→ **Data extract**:
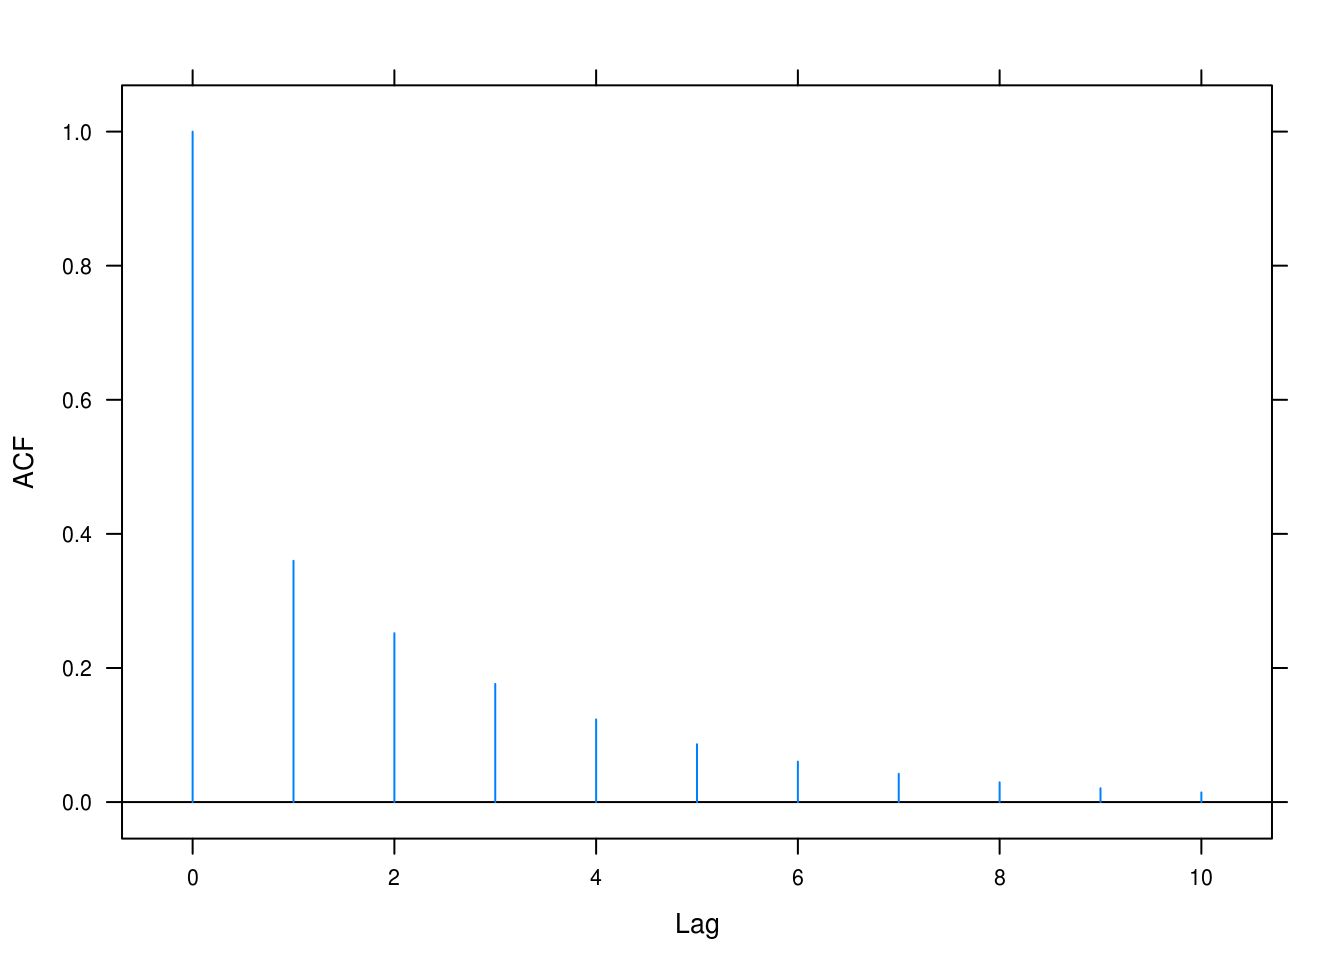 ACF for ARMA(1,1) with $\phi = 0.7$ and $\theta = 0.4$.
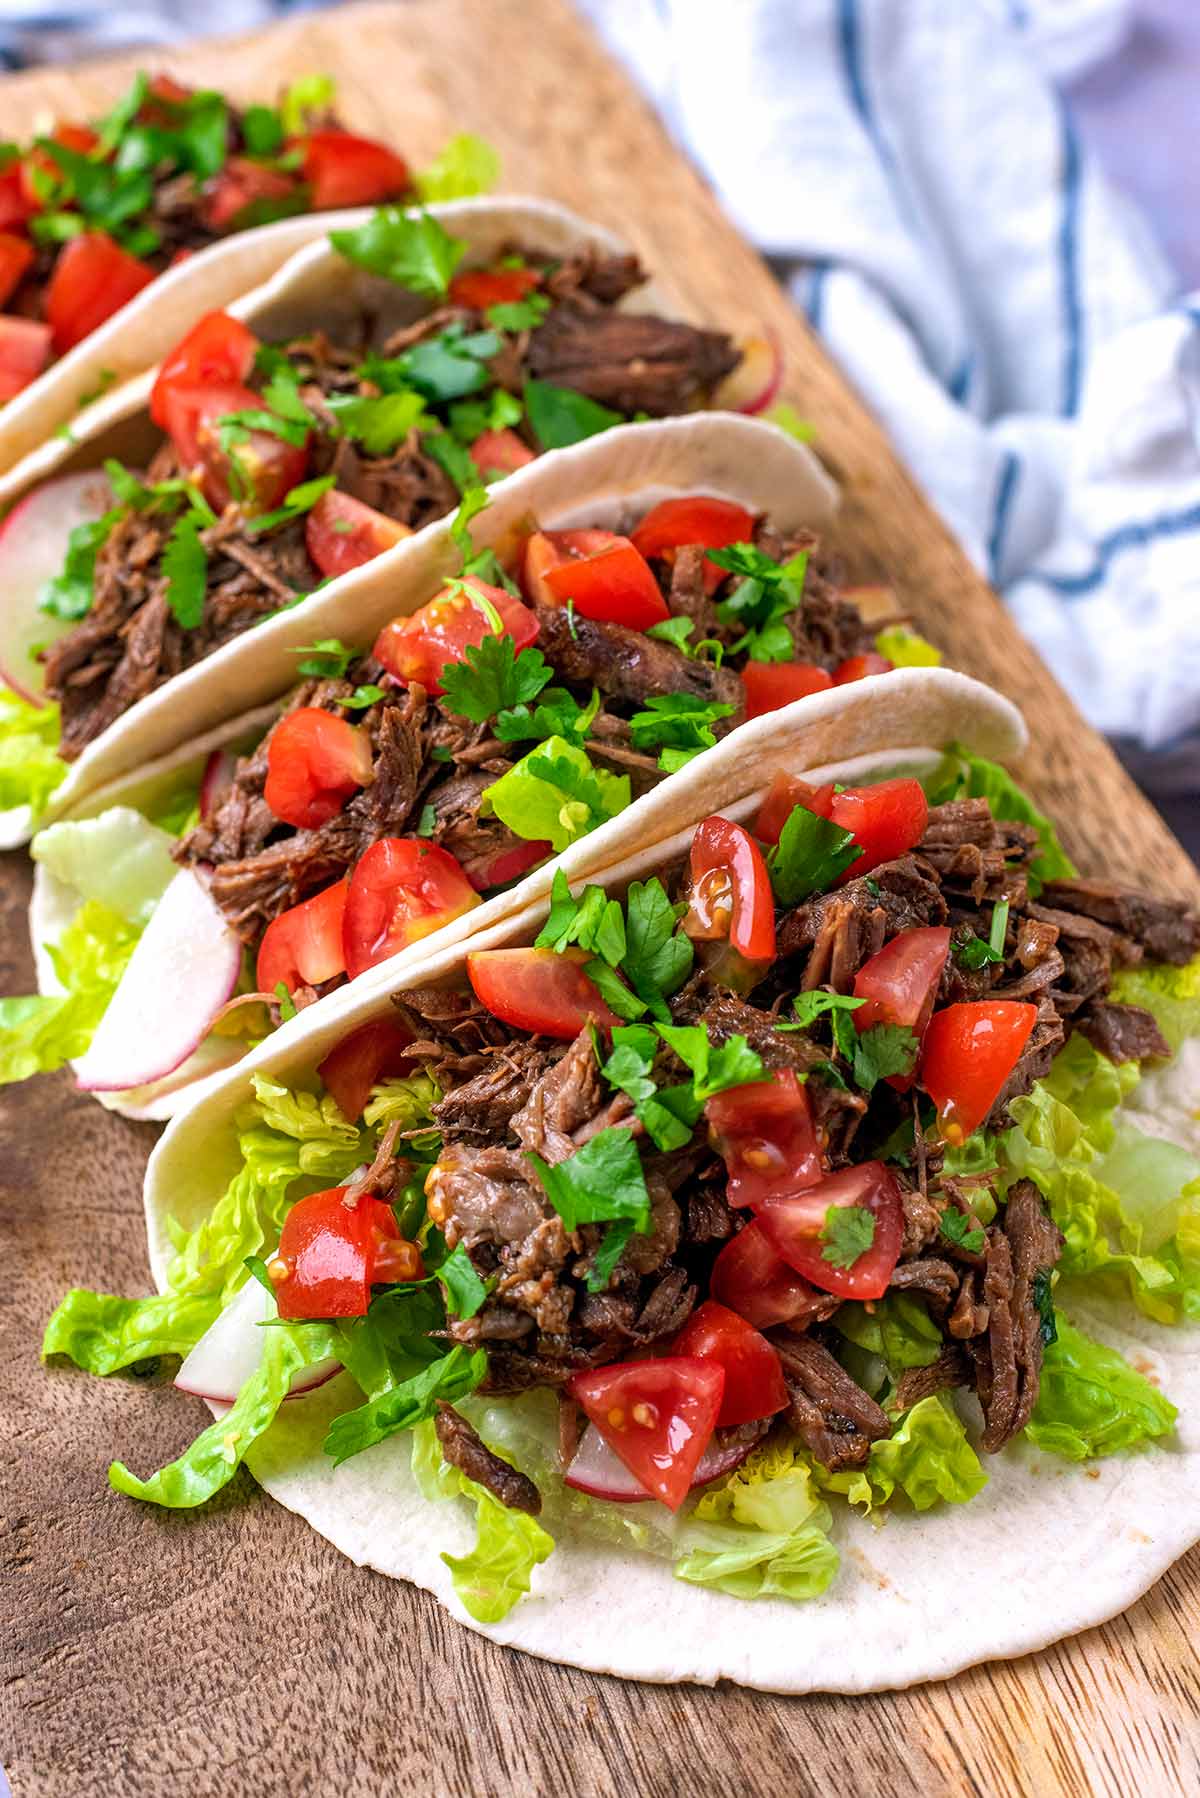 A row of shredded beef tacos on a wooden serving board.
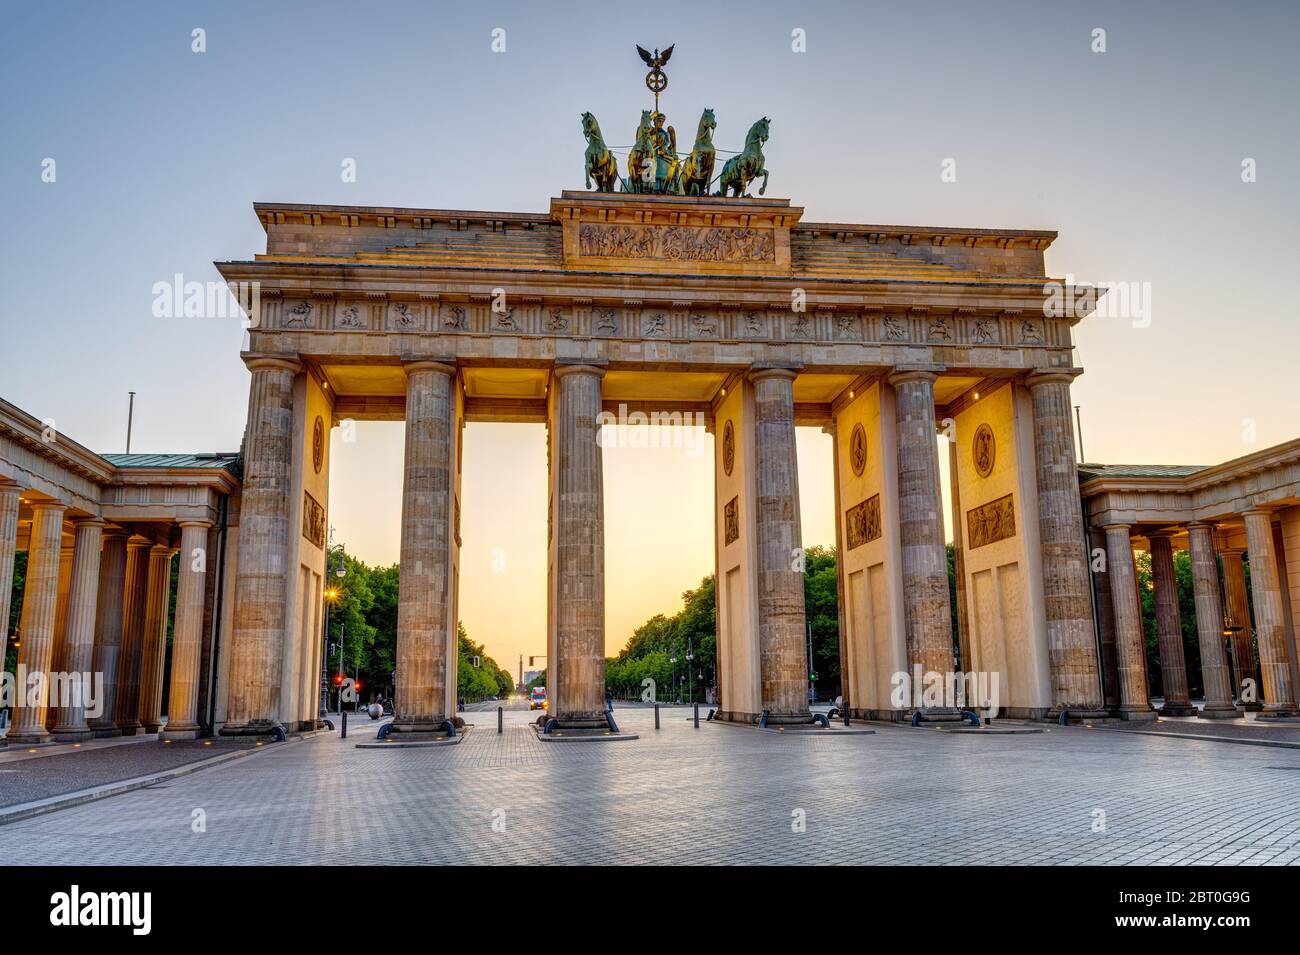 The historic Brandenburg Gate in Berlin at sunset with no people Stock Photo

→ **Directions**:
The whole of the data above needs retyping exactly, with pictures omitted.

→ **Answer to this task**:
 ACF for ARMA(1,1) with $\phi = 0.7$ and $\theta = 0.4$.
 A row of shredded beef tacos on a wooden serving board.
 The historic Brandenburg Gate in Berlin at sunset with no people Stock Photo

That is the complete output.